See the forest and the trees at the National Arboretum
Boasting 94 forests full of rare, endangered and symbolic trees from all over the world, the National Arboretum is a nature lover’s delight. Discover an astounding array of botanical beauty across the 250-hectare site – by foot, by car, by bicycle or even by horse!
Be sure to pay a visit to the National Bonsai and Penjing Collection, which features living artworks and miniature forests created by some of Australia’s greatest bonsai and penjing artists. Free tours of the different collections are available (guided or self-guided), and you can also enjoy the outdoor sculptures and barbecue areas boasting great views over Canberra.

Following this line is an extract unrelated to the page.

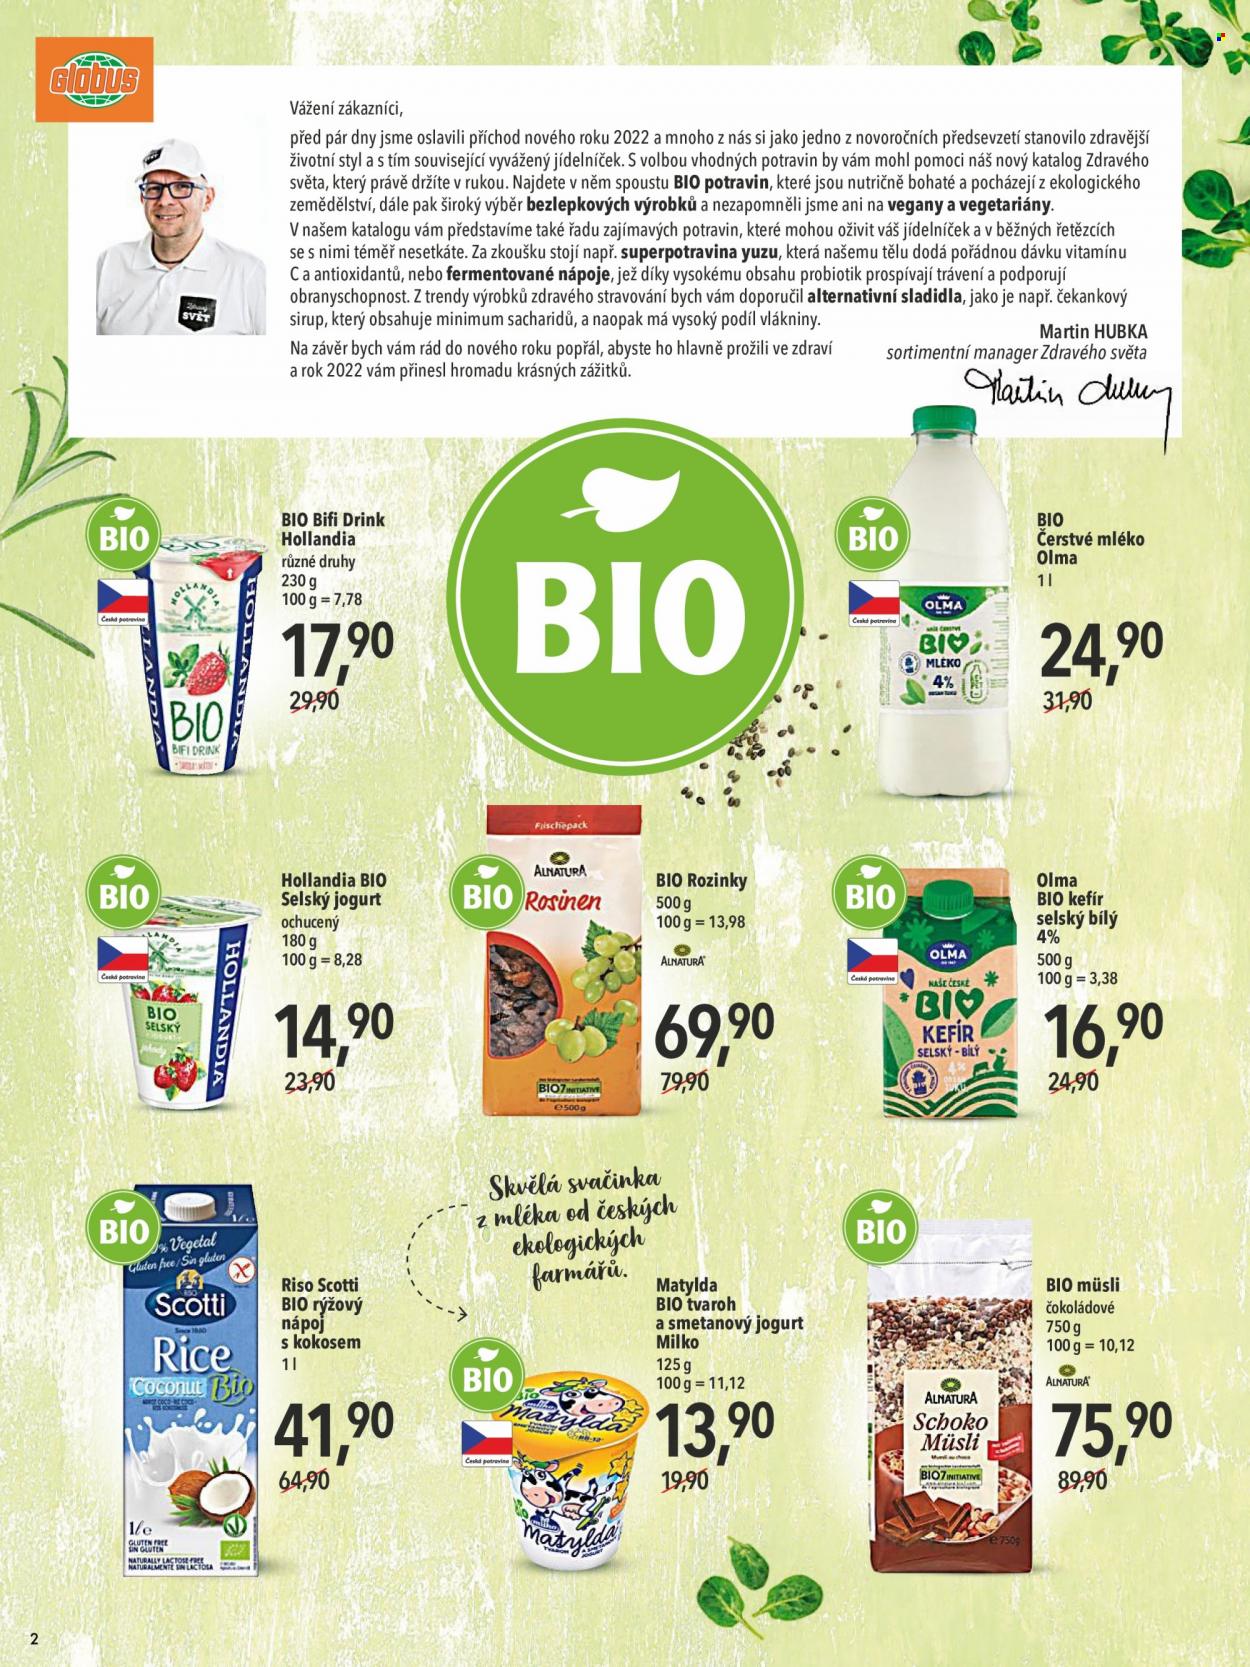 thumbnail - Leták Globus - 13.1.2022 - 1.2.2022 - Produkty v akci - Bio Bifi drink, jogurtový nápoj, bio mléko, čerstvé mléko, mléko, bio jogurt, Hollandia, jogurt, selský jogurt, rozinky, kefírové mléko, Olma, Riso Scotti, rýžové mléko, Matylda, Milko, smetanový jogurt, müsli. Strana 2.

Uncover our history at the Australian War Memorial
The Australian War Memorial is a fascinating combination of shrine, museum and archive – and visitors to the capital consistently rate it as one of the top attractions to see.
The memorial explores the individual and public histories of conflicts that Australia has been involved in, including World Wars I and II, the Vietnam War, the Korean War and several others. The silent, solemn heart of the memorial is the Hall of Memory, where you can stand by the Tomb of the Unknown Soldier. Visitors must walk past the names of 102,000 people who have given their lives in service of the country to get there, making it a poignant experience. Be sure to stay until 4.55 pm, when the daily Last Post Ceremony is performed.
Look deep into someone’s eyes at the National Portrait Gallery
Lock eyes with some of the nation’s most interesting artists, musicians, entertainers, sports people and politicians at the National Portrait Gallery. More than 400 famous faces can be found here, including Nick Cave, Ned Kelly, Geoffrey Gurrumul Yunupingu, Quentin Bryce, Cathy Freeman, Patrick Dodson, Tracey Moffatt, Jack Charles and many more. Interesting biographical notes accompanying the portraits add insight to the story of Australian history, creativity and culture, in all its diversity.
There are also many examples of portraits using new media in the gallery, such as Warwick Thornton’s portrait of Paul Kelly and David Rosetzky’s video depiction of Cate Blanchett. To walk through the gallery provides a good reminder of the flexibility of the genre, and gives visitors the opportunity to connect with the lives of others, and reflect on their own lives.